それでも人に向かって強く出られぬところは変わっておられぬ。
ふむ……。
今の永泉様なれば、今度こそよき役目を果たして頂けるやもしれぬ。
法会を前に思いがけぬ幸運に巡り会えるとは、これぞ御仏の功徳ぞ。

貴族はすぐに文をしたためて急ぎの使者を右大臣に送り、
返書は間髪入れず届いた。

――最後の好機と心得よ――と。





全身泥まみれの姿で表れた頼久に、
左大臣は驚いた様子を微塵も見せなかった。
予期していたことが起きたまでのこと。
頼久も覚悟の上で任に当たったのだ。

「ただ今戻りました。お見苦しい姿で失礼いたします」
「よい。
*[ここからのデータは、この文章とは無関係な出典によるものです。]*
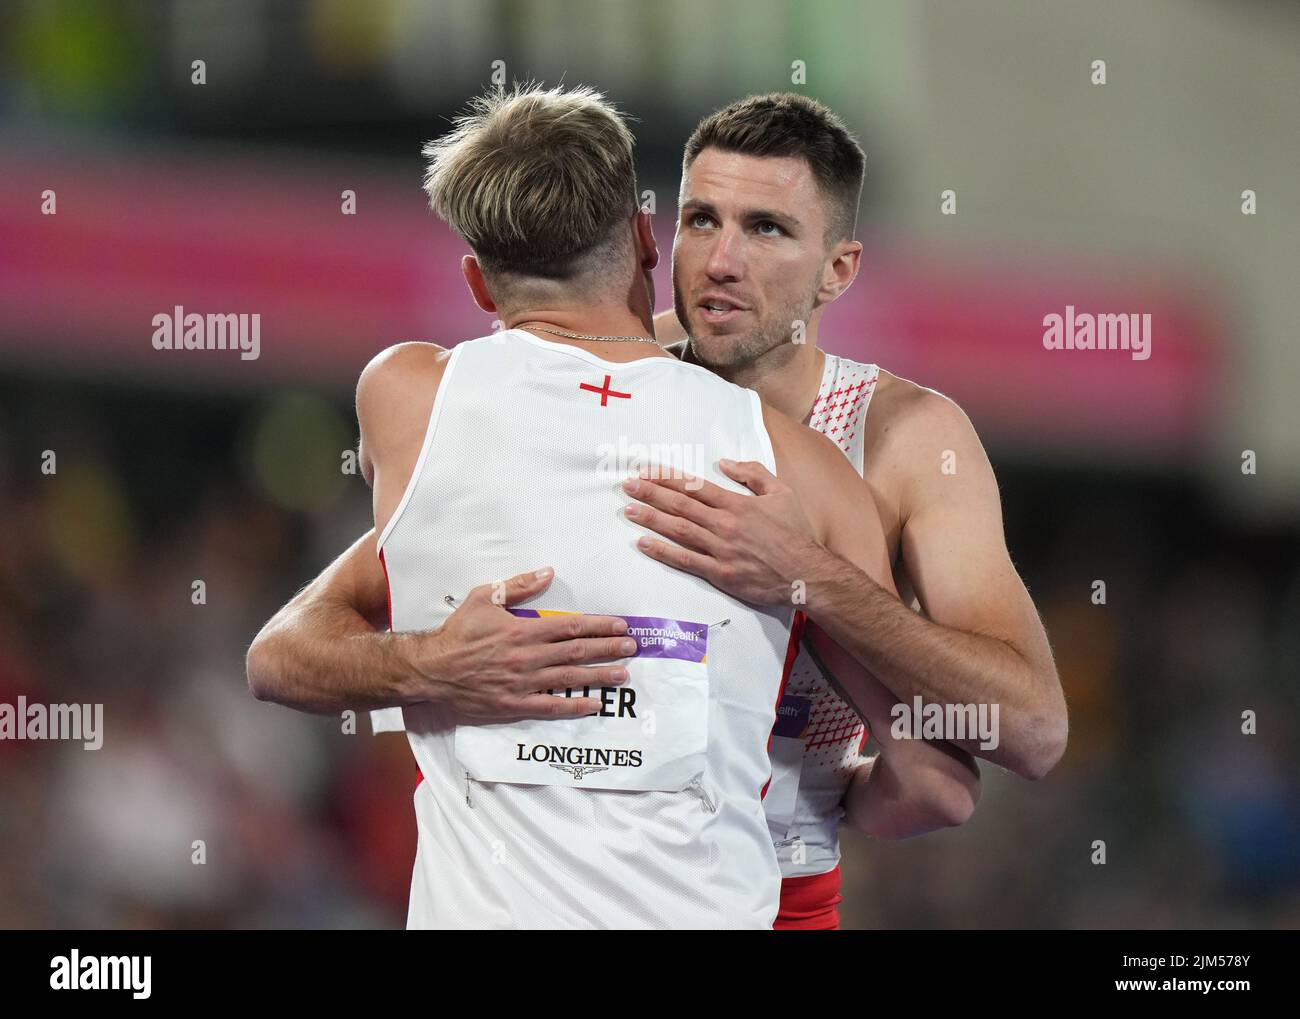 England's Andrew Pozzi (right) who won bronze is embraced by compatriot Joshua Zeller, who finished fourth after the Men's 110m Hurdles Final at Alexander Stadium on day seven of the 2022 Commonwealth Games in Birmingham. Picture date: Thursday August 4, 2022. Stock Photo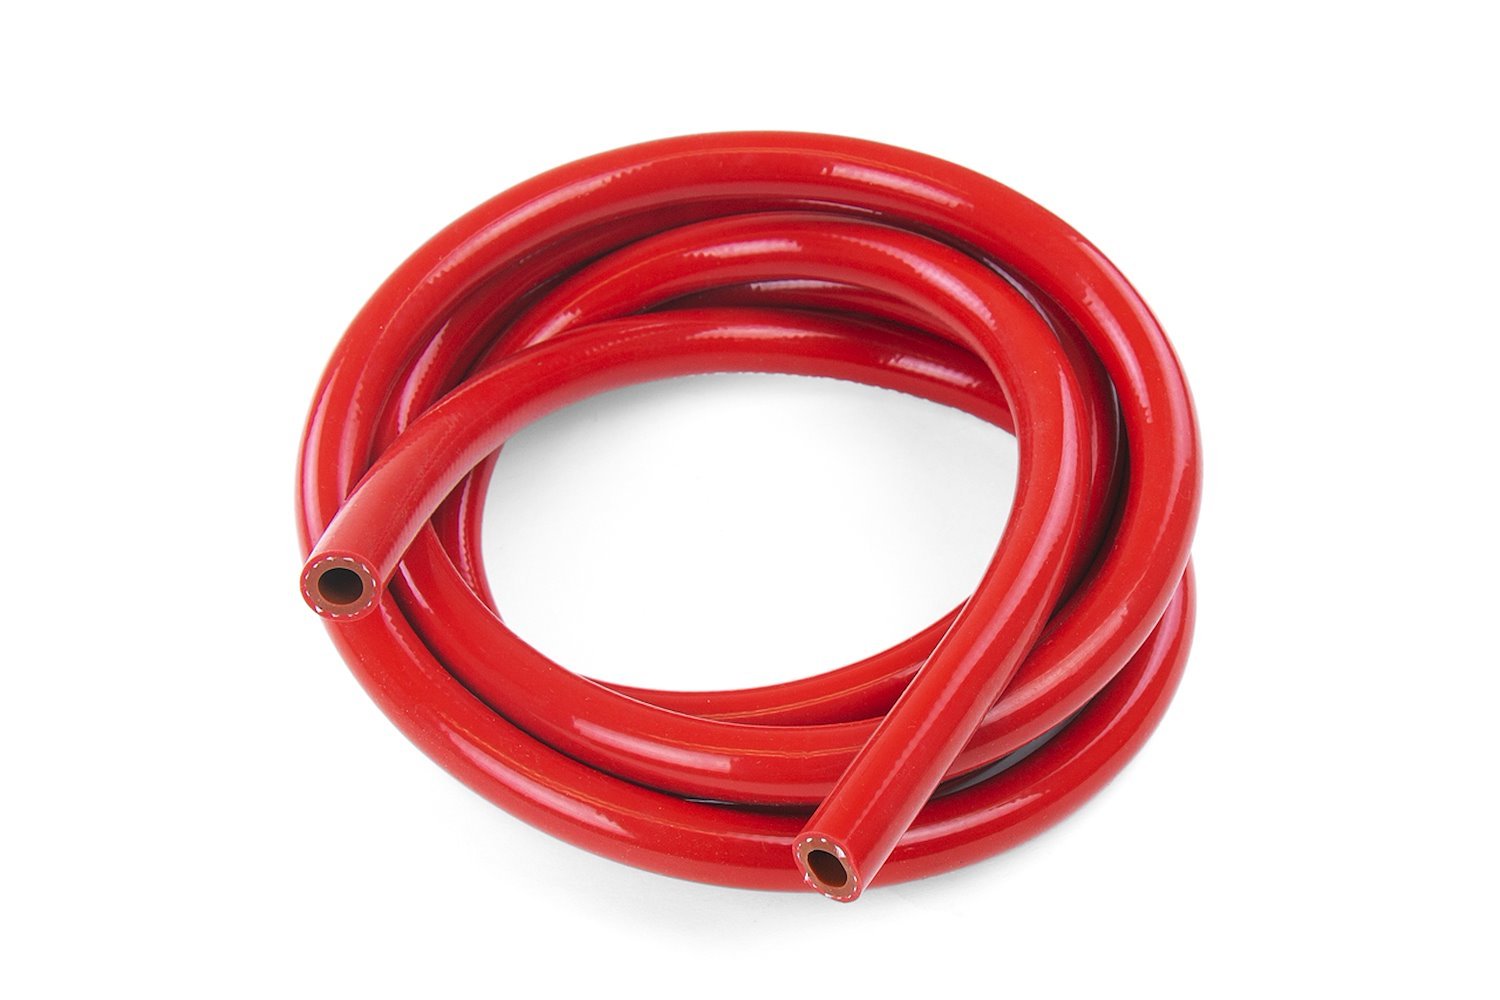 HTHH-025-REDx10 Silicone Heater Hose Tubing, High-Temp 1-Ply Reinforced, 1/4 in. ID, 10 ft. Roll, Red

子細を聞こう」

「行きの道は何ごともなく安倍屋敷に着き、
晴明殿に直接書状をお渡しして左大臣様の御言葉を伝えました。
すると晴明殿は一度席を外し、しばらくして小箱を手に戻られました。
そして、左大臣様の依頼は承諾したと仰って、私に小箱を託されました。
しかしその小箱は土御門に着いても決して開けてはならず、
そのまま安倍屋敷に戻すようにとのこと。
そして、途中で何者かに襲われることがあったなら、
その者達におとなしく渡すように、との仰せでした」

「ほう、箱に仕掛けを施されたか。
さすが晴明殿、面白きことを思いつかれたものよ。
しかし頼久、晴明殿にはおとなしく渡せ、と言われたはず。
帰途に賊と遭遇したようだが、その姿からすると、
小箱を守り抜いて戻ったのではないか」

頼久はがばっと平伏した。
「左大臣様へお届けするべき物を、おとなしく差し出すなどできず……
………しばし剣を交えた後、敵の足元に落として参りました。
命に背いた上は、この頼久、いかなる処罰も受ける覚悟にございます!」

左大臣は抑えきれずに笑い声をもらした。
安倍屋敷への往路で襲われることがあったなら、
書状は奪われてかまわないと、左大臣もまた頼久に命じていたのだ。

「顔を上げよ、頼久。
いやしくも源の武士たるものが、脅しに屈して懐中物を素直に差し出したなら、
かえって疑われるではないか。
お前はそれでよい。我が使いとして上々の働きであった」

「はっ!! 寛大な御言葉、痛み入ります」
頼久は深々と一礼すると、雨闇の庭に去った。





左大弁に宛てた文には「最後の好機」と書いて送ったものの、
右大臣はさして期待はしていなかった。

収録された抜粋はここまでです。